When homelessness and the law collide - what Supreme Court decision means for local authorities

The UK Supreme Court’s recent interpretation of homelessness legislation reflects the reality of an ongoing housing crisis and the challenges faced by Scottish councils.
The Outer House judgment in X v Glasgow City Council created additional challenges for Scottish councils in 2022 when Lord Ericht, in effect, declared there was no distinction between temporary and permanent housing duties under the Housing (Scotland) Act 1987.
In Lord Ericht’s opinion, local authorities were under an immediate absolute obligation to provide homeless households with accommodation meeting all of their needs, including any special needs of individuals in the household. Where such accommodation was not available from the council’s housing supply, it was to be secured privately, regardless of the cost implications.
Both the Inner House and UK Supreme Court (UKSC) have since confirmed that the statutory schemes for interim and permanent housing duties differ. The extent to which a household’s special needs require to be met depends on whether the accommodation is temporary or permanent.
The UKSC’s interpretation reflects the reality that temporary housing requires to be made available quickly, often before a full needs assessment can be conducted. It also acknowledges that these duties arise in the context of record numbers of homelessness applications, challenging financial conditions and a chronic shortage of social housing.
Background
The case concerned Glasgow City Council’s (GCC) temporary placement of a couple with four children in a four-apartment property (one with three bedrooms and a living room). A subsequent housing assessment, carried out for the purpose of providing permanent accommodation, identified that the family required a five-apartment property to accommodate their son’s additional support needs. As no five-apartment properties were available, the family was to remain in their temporary accommodation until GCC could secure them a larger property in their preferred area.
The family challenged the suitability of their temporary accommodation, submitting that GCC had failed to comply with its duties under section 29(1) of the Housing (Scotland) Act 1987 and article 4(b) of the Homeless Persons (Unsuitable Accommodation) (Scotland) Order 2014 to provide accommodation “suitable for occupation by a homeless household, taking into account the needs of the household”.
Parties’ submissions
The petitioner argued that GCC had a legal obligation to provide her family with a four-bedroom home as soon as the housing assessment identified that this size of property was required to meet all the needs of her household, regardless of actual availability.
Shelter Scotland, who intervened in the Inner House and UKSC, supported the appeal and submitted that GCC’s decision did not comply with its Public Sector Equality Duty.
In response, GCC submitted that there are differences between the interim duty to secure temporary accommodation under section 29 of the 1987 Act and the duty to secure permanent accommodation in terms of section 31 of the 1987 Act.

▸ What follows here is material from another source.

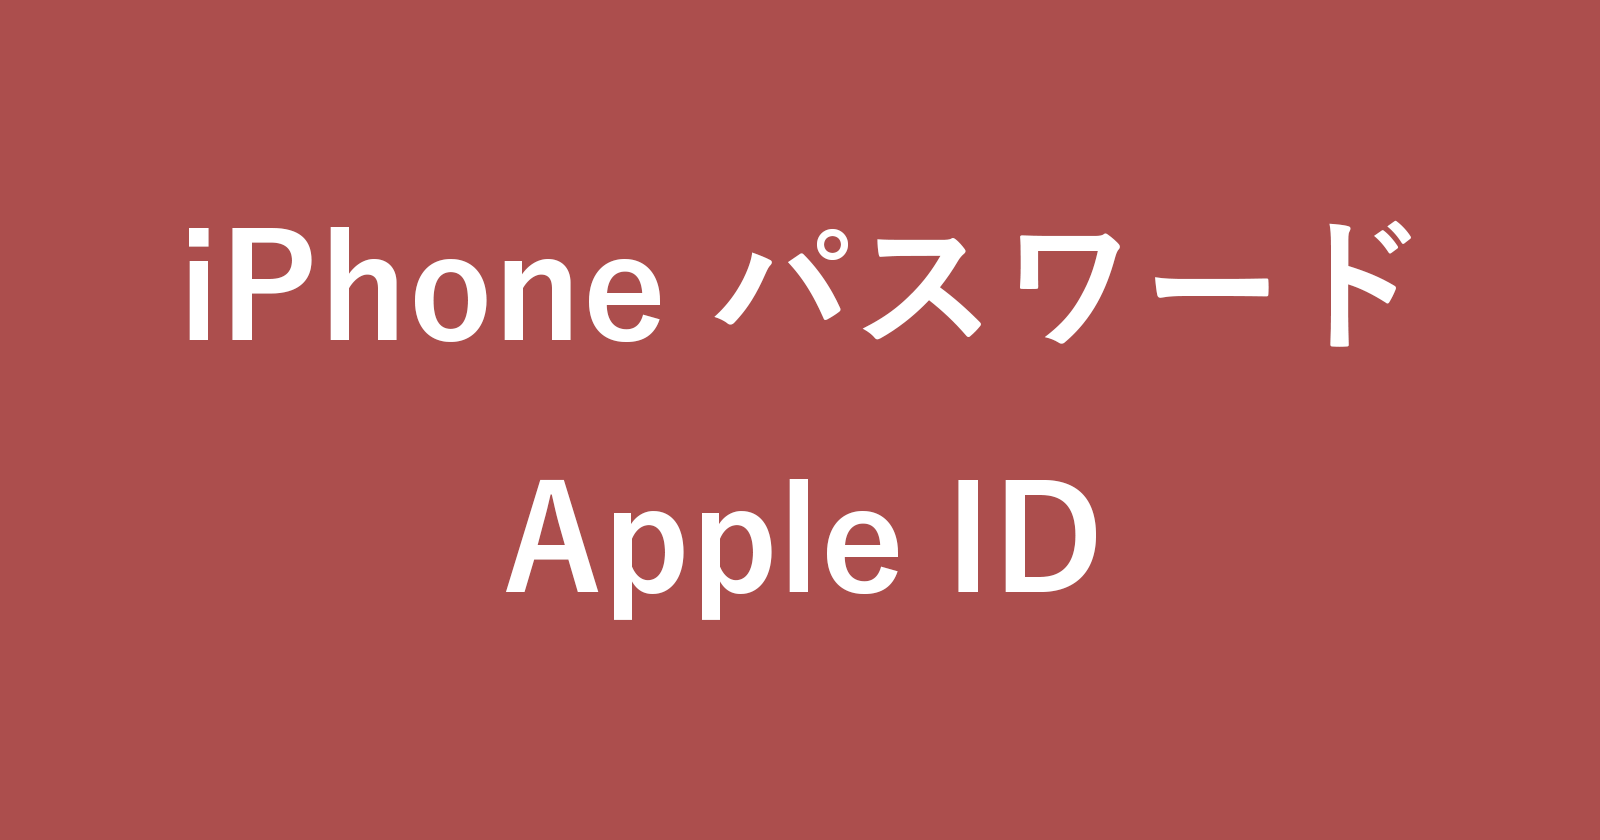 iphone apple id password

The suitability of temporary accommodation is determined by reference to article 4(b) of the 2014 Order, which requires the Council to take account of the household’s overall needs when allocating temporary housing. The statutory test for assessing the suitability of permanent accommodation is more demanding in that it must meet the needs of the applicant, including any special needs of any member of the applicant’s household, in terms of section 31(2) of the 1987 Act.

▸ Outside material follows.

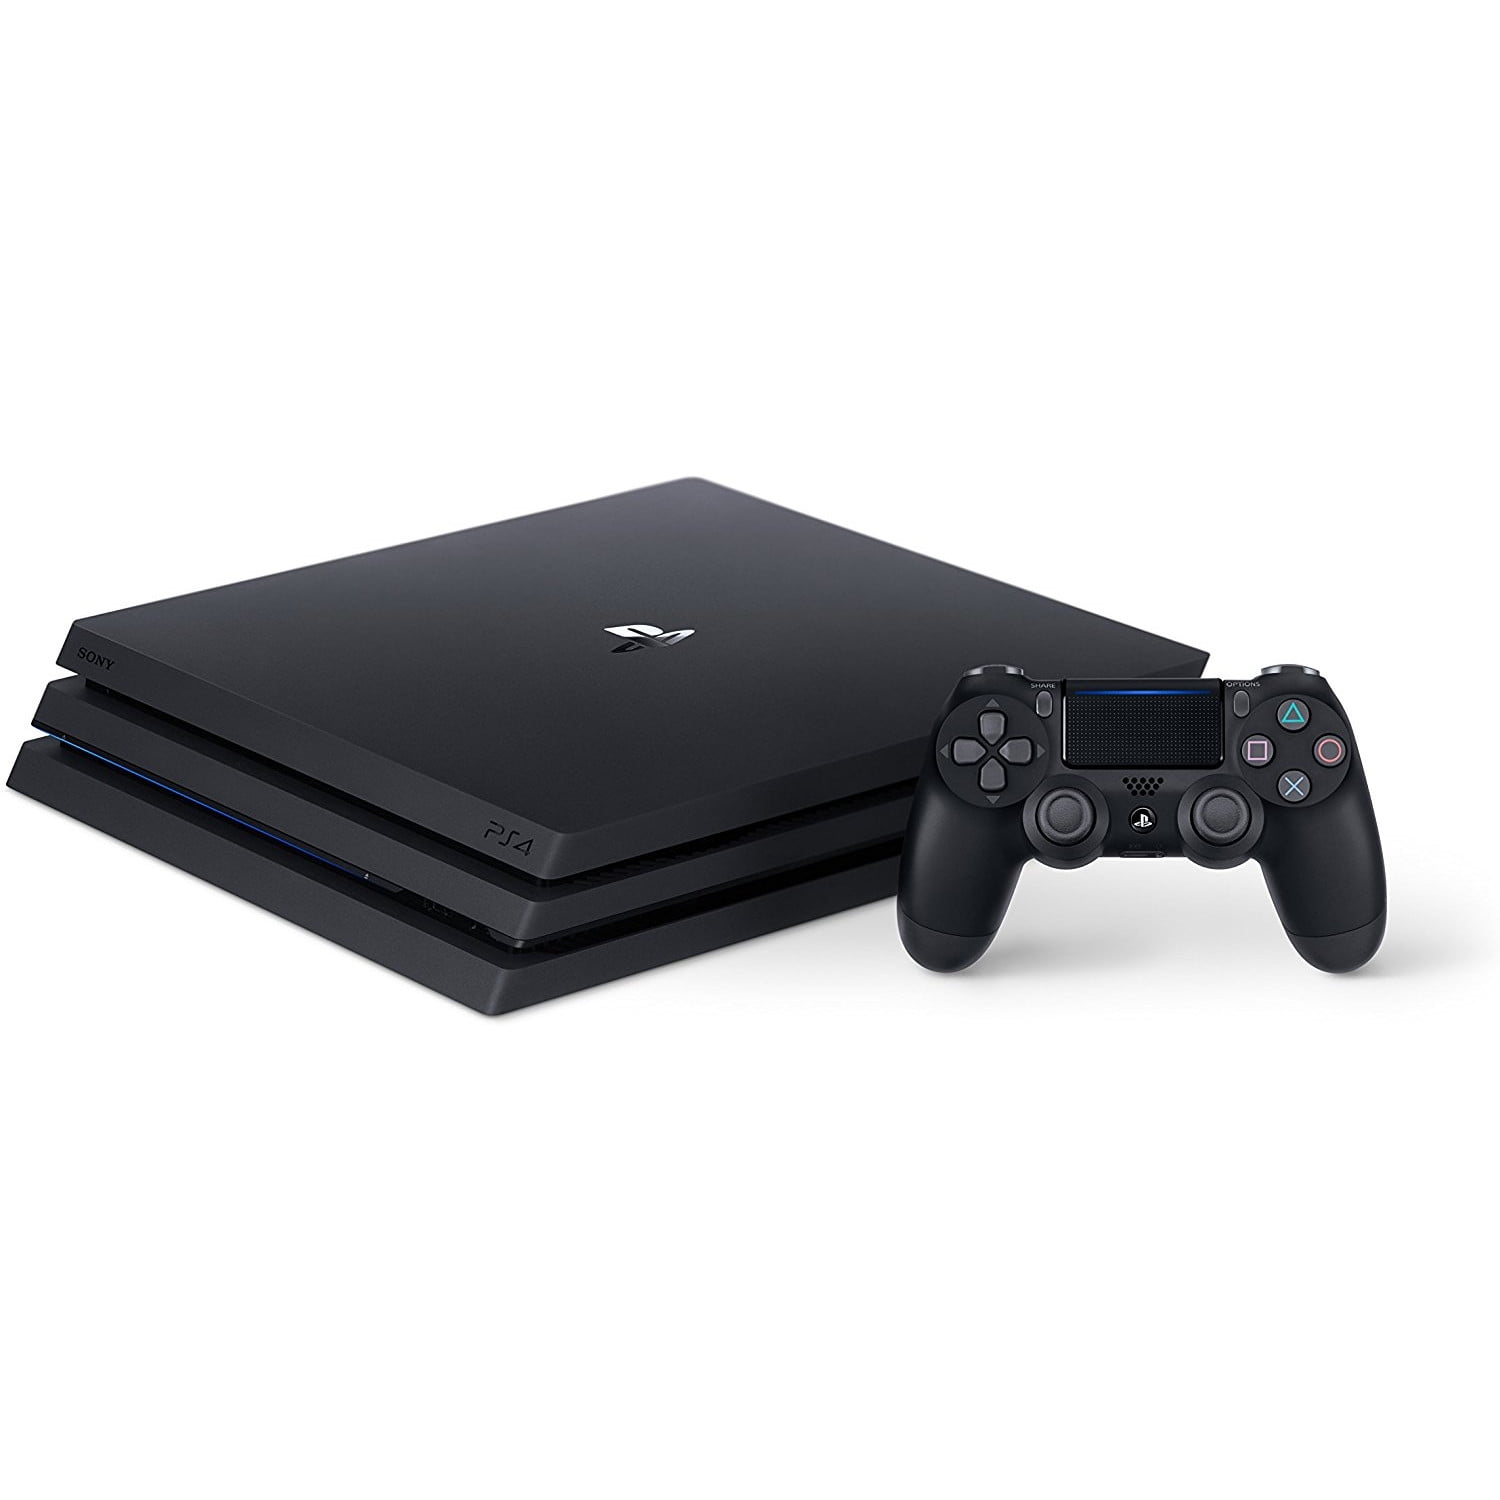 Okklusion lærken Fancy PlayStation 4 Pro 1TB Gaming Console, Black, 3001510 - Walmart.com

GCC submitted that the interim duty allows discretion to balance the needs of an applicant against other demands on the authority’s limited resources. The reality is that, while authorities will do their best to provide a property of sufficient size in the applicant’s preferred area, this type of housing is limited and cannot always be provided immediately.
Statutory interpretation
The starting point for the UKSC was the proper interpretation of the words “taking into account the needs of the household” in article 4(b) of the 2014 Order.
Considering the wider statutory context of this provision, the UKSC agreed that there is a fundamental distinction between “meeting” and “taking into account” the needs of an applicant household. For interim accommodation, the local authority must take the needs of the household into account but does not have to meet all these needs. This is a process-driven duty. For permanent accommodation, the local authority must meet all needs, including any special needs of the applicant and the household. This is an outcome-driven duty.
The difference between outcome-driven and process-driven standards is recognised in other legislative schemes. For example, the Public Sector Equality Duty under section 149 of the Equality Act 2010 requires public bodies to have “due regard” to the equality considerations mentioned, but it does not dictate a particular outcome.
In the present case, GCC was obliged to take the needs of the applicant’s household into account when offering temporary accommodation. GCC was found to have done so. Provision of a four-apartment property, the next best available option in the absence of a five-apartment property, was within the range of reasonable decisions in the circumstances. The appeal was unanimously dismissed.
Impact of the decision
This decision reinstates local authorities’ previous understanding of the scope of the interim duty to provide temporary accommodation for homeless households in Scotland.
Lady Simler’s UKSC judgment sets the interim duty within the broader legislative framework and also in the context of the provision of temporary housing at a time of unprecedented demand for homelessness services.
Local authorities are responsible for making decisions on the suitability of accommodation, applying their expertise and experience. These decisions must fall within the range of reasonable decisions and, as such, remain subject to the supervisory jurisdiction of the court on traditional public law grounds. This judgment means that, as long as temporary accommodation is generally suitable, it doesn’t, as a matter of law, require to be perfect.